Interestingly, one comestible which the Heinz Variety Tasting method is especially useless to describe is Heinz ketchup itself, which only distantly tastes like its primary ingredient (tomatoes) and has no other individually discernible constituent flavors. This was the subject of a long Malcolm Gladwell piece attempting to resolve the conundrum of why nobody’s been able to improve on Heinz. The article is premised on the fact that while ketchup may seem pedestrian, it is actually a very sophisticated concoction—“alone among the condiments on the table, ketchup could deliver sweet and sour and salty and bitter and umami, all at once.” But just as importantly is the way in which it delivers these things. Heinz ketchup is strong in “amplitude,” “the word sensory experts use to describe flavors that are well blended and balanced, that ‘bloom’ in the mouth”:
When something is high in amplitude, all its constituent elements converge into a single gestalt. You can’t isolate the elements of an iconic, high-amplitude flavor like Coca-Cola or Pepsi. But you can with one of those private-label colas that you get in the supermarket. “The thing about Coke and Pepsi is that they are absolutely gorgeous,” Judy Heylmun, a vice-president of Sensory Spectrum, Inc., in Chatham, New Jersey, says. “They have beautiful notes—all flavors are in balance. It’s very hard to do that well. Usually, when you taste a store cola it’s”—and here she made a series of pik! pik! pik! sounds—“all the notes are kind of spiky, and usually the citrus is the first thing to spike out. And then the cinnamon. Citrus and brown spice notes are top notes and very volatile, as opposed to vanilla, which is very dark and deep. A really cheap store brand will have a big, fat cinnamon note sitting on top of everything.” . . . Generic colas and ketchups have . . . a hook—a sensory attribute that you can single out, and ultimately tire of.
It’s that multiplicity of hooks that is often mistaken for complexity. But, as Lambert-Gócz concludes, “The great paradox of worthy complexity is that it reaches its apogee when the aromas comprising it have pulled together, e pluribus unum fashion.” The veneer of such a composition may appear simple.

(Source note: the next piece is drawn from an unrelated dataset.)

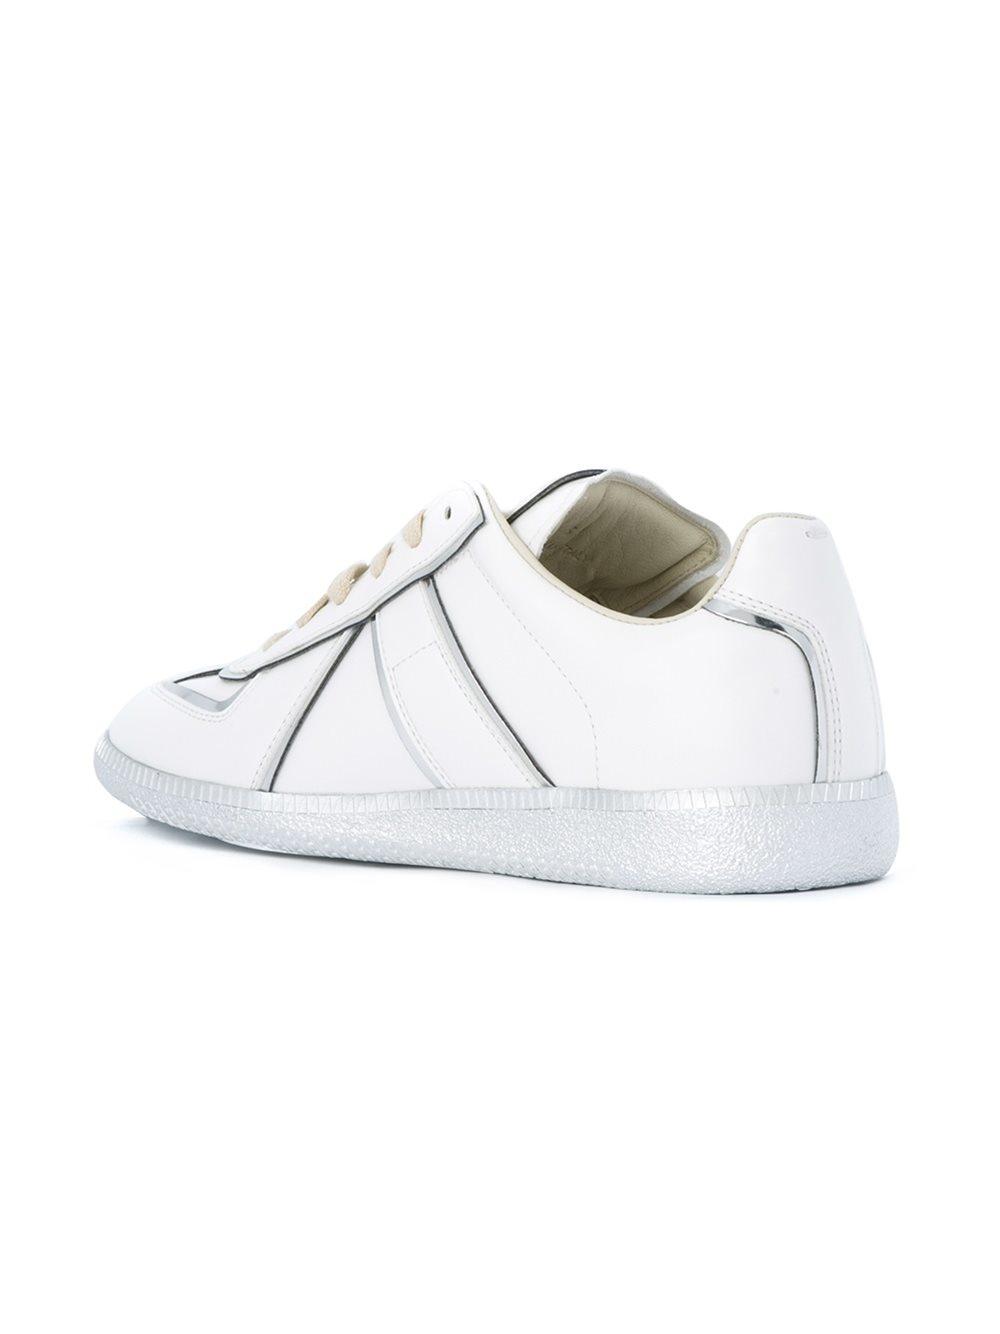 Maison margiela 'replica' Sneakers in White | Lyst

If there is an underlying complexity, it lies in the precarious balance necessary to render that veneer flawlessly, and the aesthetic vision to make it beautiful. If you are merely counting the multiplicity of nuances, imbalances can be drowned out by the cacophony. If instead you are striving for one sustained note of unadulterated purity and exquisite beauty, it is essential to have the courage to silence the cacophony, even if the result is, for better or worse, beyond description.